# WORK INSTRUCTION
Within the entries below, find the portion that opens with the line containing "St. Victoire and" and closes with the line containing "Victorian mahogany Pembroke". Retype that portion exactly and only.

# DATA UNDER STUDY

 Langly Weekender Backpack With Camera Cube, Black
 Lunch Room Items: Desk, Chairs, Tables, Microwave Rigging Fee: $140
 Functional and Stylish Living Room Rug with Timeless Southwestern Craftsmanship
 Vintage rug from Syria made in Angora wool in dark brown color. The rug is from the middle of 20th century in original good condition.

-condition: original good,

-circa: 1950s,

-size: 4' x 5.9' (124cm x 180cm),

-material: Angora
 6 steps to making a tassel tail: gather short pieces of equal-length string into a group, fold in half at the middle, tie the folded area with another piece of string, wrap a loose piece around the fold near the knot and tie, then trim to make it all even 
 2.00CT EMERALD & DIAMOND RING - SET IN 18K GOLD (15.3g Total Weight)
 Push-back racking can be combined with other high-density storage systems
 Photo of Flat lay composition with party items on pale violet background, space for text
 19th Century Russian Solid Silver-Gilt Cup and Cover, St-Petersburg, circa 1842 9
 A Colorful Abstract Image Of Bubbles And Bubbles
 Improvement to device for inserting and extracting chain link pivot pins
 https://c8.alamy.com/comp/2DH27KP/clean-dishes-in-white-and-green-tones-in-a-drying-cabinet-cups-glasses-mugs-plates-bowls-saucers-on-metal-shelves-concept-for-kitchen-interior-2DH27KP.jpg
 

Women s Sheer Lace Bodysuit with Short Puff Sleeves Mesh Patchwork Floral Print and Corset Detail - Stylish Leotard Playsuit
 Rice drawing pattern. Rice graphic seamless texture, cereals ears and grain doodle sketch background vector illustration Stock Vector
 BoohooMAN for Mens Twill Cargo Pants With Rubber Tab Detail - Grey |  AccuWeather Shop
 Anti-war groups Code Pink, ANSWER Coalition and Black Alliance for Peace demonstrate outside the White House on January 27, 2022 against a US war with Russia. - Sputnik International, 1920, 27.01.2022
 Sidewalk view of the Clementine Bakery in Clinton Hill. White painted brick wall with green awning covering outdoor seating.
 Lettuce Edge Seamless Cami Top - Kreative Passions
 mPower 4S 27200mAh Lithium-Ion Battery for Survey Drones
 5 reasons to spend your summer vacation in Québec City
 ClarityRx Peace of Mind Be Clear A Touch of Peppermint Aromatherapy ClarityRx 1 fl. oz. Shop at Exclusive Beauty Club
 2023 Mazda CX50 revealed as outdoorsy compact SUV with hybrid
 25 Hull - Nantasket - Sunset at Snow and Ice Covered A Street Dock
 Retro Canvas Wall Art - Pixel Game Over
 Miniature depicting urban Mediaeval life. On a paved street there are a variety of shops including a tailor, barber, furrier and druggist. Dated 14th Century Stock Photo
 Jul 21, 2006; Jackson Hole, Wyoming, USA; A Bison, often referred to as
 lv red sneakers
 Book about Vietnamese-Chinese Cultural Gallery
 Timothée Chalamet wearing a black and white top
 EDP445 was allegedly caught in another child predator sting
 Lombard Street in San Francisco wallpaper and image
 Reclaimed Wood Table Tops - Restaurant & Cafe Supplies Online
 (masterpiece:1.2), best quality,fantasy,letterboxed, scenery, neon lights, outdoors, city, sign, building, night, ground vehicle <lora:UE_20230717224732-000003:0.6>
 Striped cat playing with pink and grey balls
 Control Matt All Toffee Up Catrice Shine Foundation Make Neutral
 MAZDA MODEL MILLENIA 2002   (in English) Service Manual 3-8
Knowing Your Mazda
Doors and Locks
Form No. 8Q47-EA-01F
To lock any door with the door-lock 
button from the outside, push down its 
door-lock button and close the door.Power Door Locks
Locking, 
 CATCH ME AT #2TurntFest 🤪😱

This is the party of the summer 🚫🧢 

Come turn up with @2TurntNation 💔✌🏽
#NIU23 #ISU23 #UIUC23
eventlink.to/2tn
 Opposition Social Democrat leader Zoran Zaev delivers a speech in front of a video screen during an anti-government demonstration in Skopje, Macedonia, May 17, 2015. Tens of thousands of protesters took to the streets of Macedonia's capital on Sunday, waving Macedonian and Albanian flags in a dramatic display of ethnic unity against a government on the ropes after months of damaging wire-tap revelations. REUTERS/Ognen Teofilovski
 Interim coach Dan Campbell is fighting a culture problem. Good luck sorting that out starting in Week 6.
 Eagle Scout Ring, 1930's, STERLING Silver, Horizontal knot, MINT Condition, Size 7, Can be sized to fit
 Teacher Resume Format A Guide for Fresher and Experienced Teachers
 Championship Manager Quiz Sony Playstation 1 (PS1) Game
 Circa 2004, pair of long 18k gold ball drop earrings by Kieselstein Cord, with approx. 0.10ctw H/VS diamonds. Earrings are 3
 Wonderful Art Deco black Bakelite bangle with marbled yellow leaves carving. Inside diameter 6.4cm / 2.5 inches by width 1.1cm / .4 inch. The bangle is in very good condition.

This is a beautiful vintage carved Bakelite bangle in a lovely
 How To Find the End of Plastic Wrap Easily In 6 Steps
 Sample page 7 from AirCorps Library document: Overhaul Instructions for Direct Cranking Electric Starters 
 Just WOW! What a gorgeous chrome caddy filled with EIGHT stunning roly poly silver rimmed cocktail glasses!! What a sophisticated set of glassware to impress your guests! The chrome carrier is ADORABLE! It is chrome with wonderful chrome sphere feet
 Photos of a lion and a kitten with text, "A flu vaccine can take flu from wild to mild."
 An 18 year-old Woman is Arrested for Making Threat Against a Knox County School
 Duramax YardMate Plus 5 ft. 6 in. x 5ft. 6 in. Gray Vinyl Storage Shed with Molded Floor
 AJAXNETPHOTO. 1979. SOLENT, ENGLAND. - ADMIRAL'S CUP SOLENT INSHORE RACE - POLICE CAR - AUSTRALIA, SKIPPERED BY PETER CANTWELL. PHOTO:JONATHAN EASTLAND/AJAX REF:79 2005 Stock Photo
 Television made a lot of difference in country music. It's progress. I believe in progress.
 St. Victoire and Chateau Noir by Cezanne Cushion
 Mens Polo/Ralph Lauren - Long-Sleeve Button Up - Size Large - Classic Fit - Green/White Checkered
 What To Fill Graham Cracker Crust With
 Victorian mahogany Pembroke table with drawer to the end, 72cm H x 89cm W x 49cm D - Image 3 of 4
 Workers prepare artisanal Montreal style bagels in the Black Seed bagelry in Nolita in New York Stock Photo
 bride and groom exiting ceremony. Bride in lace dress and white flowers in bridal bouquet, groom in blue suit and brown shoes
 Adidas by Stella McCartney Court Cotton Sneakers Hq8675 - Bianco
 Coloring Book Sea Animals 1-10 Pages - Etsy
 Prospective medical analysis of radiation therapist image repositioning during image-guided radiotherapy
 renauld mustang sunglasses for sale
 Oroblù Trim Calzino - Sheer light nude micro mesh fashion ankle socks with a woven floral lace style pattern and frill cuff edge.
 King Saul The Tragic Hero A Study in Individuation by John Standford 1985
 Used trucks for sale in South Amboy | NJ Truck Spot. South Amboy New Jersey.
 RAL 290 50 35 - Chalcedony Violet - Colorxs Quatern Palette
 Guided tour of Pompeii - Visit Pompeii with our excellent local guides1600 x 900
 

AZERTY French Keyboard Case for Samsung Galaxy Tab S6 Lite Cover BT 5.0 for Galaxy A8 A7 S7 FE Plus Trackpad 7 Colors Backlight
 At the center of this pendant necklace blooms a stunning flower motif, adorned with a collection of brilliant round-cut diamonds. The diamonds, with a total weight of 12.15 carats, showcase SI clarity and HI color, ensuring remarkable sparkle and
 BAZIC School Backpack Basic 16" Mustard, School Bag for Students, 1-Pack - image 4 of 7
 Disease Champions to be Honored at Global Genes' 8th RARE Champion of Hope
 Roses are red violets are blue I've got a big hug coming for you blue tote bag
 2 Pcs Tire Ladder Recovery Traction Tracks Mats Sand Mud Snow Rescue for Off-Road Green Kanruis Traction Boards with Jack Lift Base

# EXPECTED OUTPUT
 St. Victoire and Chateau Noir by Cezanne Cushion
 Mens Polo/Ralph Lauren - Long-Sleeve Button Up - Size Large - Classic Fit - Green/White Checkered
 What To Fill Graham Cracker Crust With
 Victorian mahogany Pembroke table with drawer to the end, 72cm H x 89cm W x 49cm D - Image 3 of 4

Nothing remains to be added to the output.